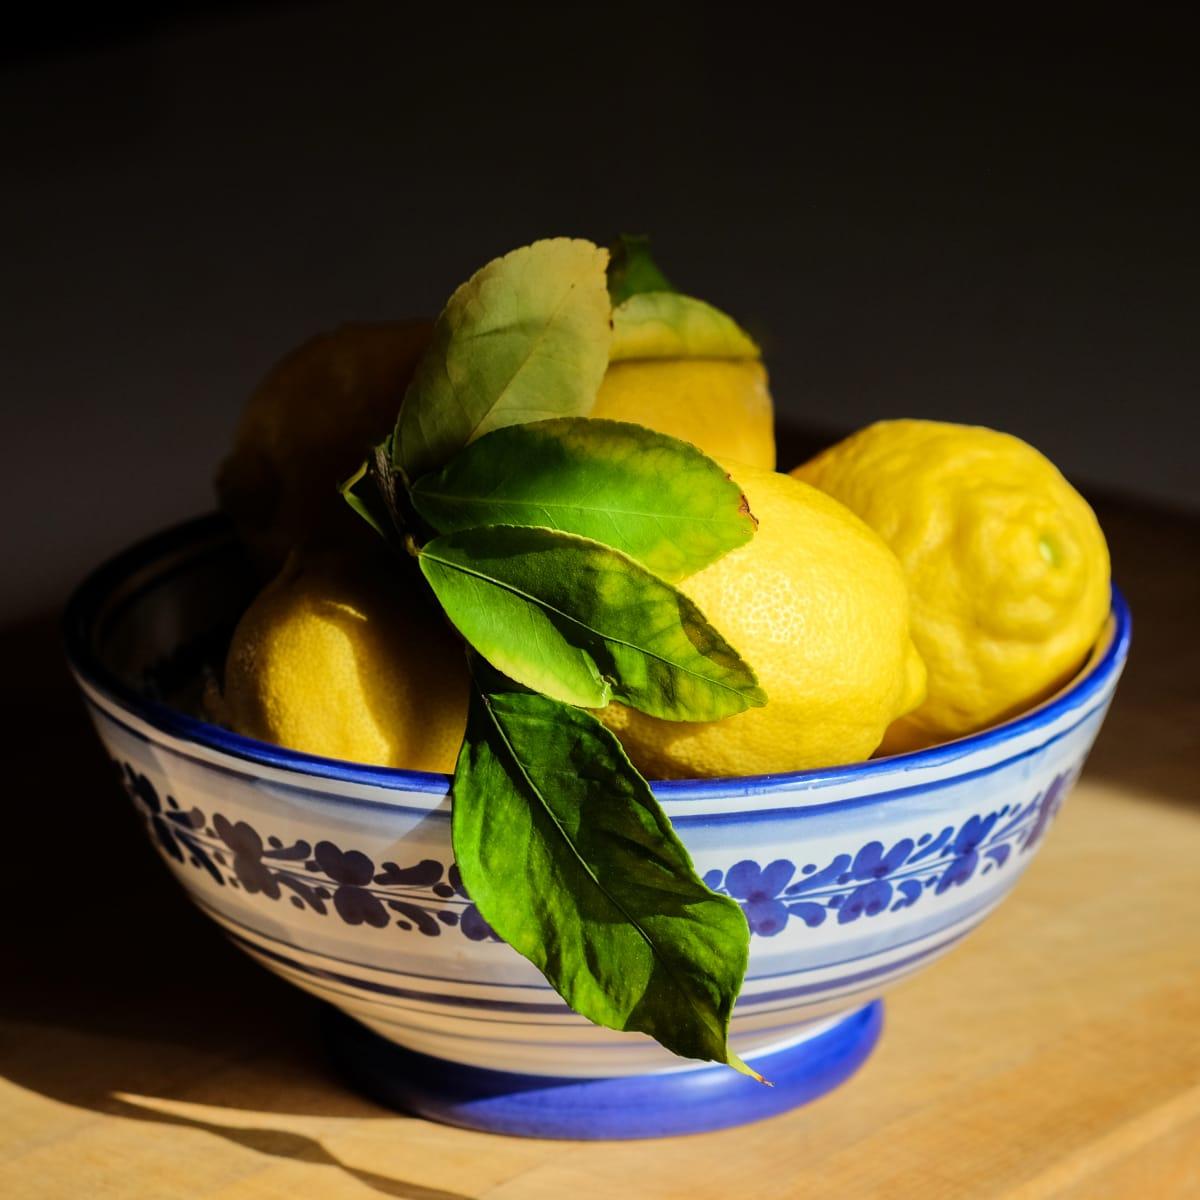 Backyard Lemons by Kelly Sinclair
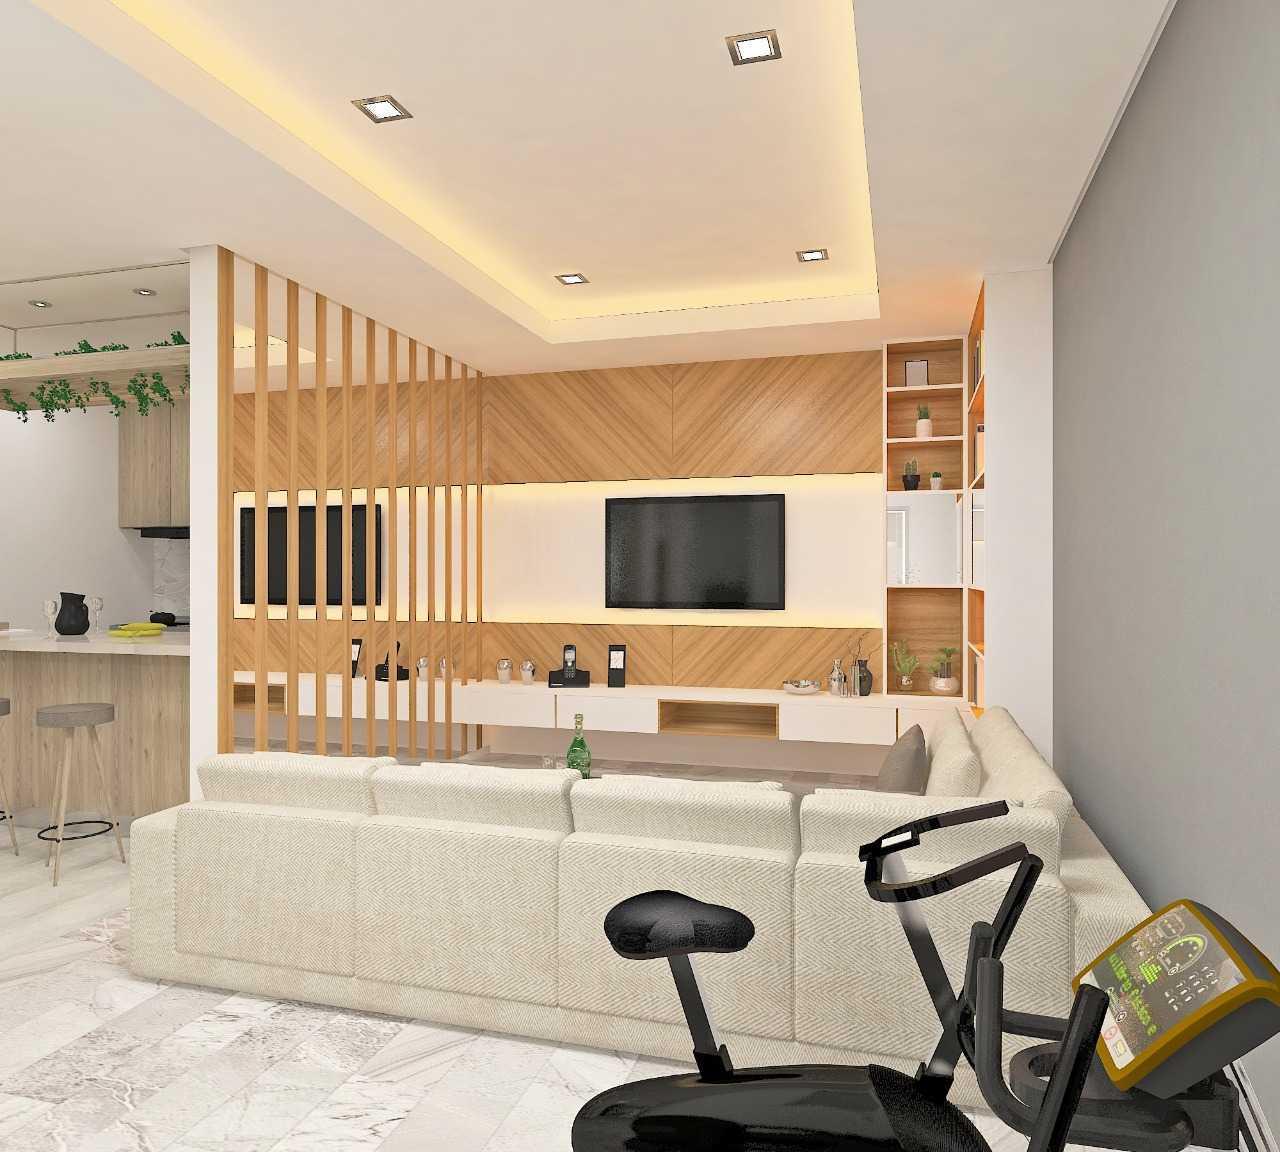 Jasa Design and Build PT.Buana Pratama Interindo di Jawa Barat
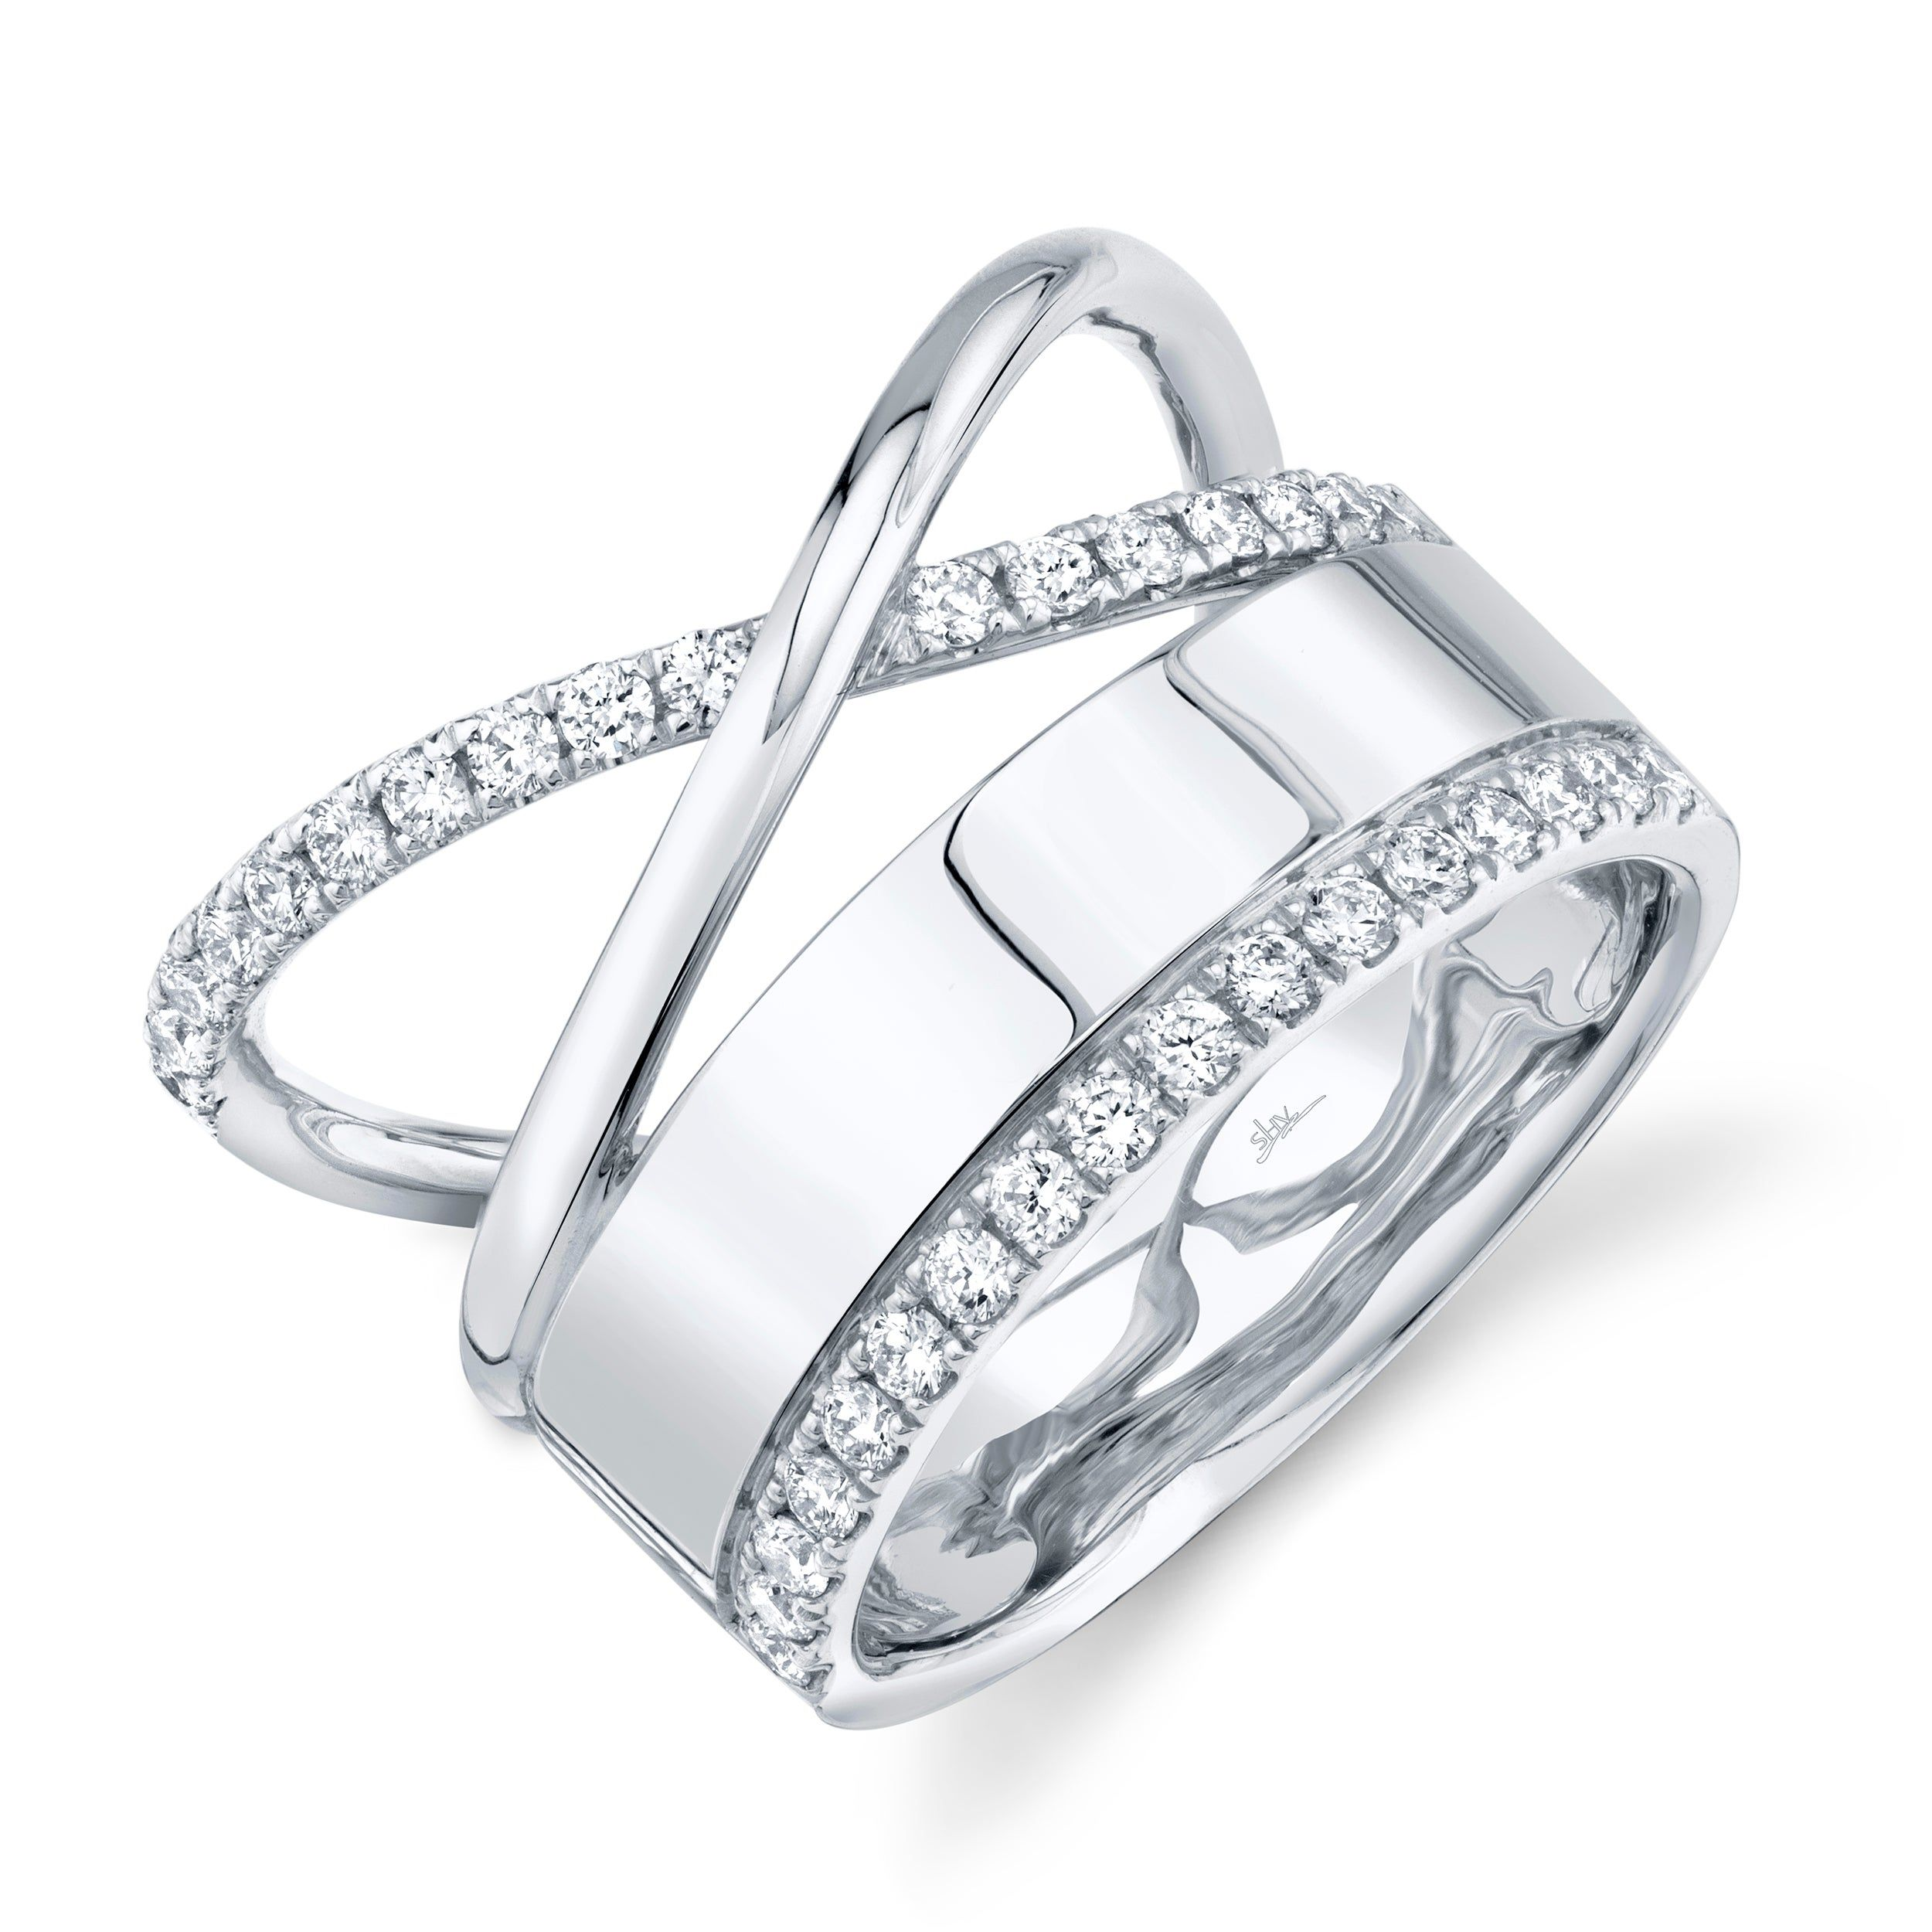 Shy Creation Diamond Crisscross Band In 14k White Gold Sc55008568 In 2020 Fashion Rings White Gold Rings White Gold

────────

(About this exercise)
Print the material above exactly as it appears, but not its pictures.

(Solution below)
 Backyard Lemons by Kelly Sinclair
 Jasa Design and Build PT.Buana Pratama Interindo di Jawa Barat
 Shy Creation Diamond Crisscross Band In 14k White Gold Sc55008568 In 2020 Fashion Rings White Gold Rings White Gold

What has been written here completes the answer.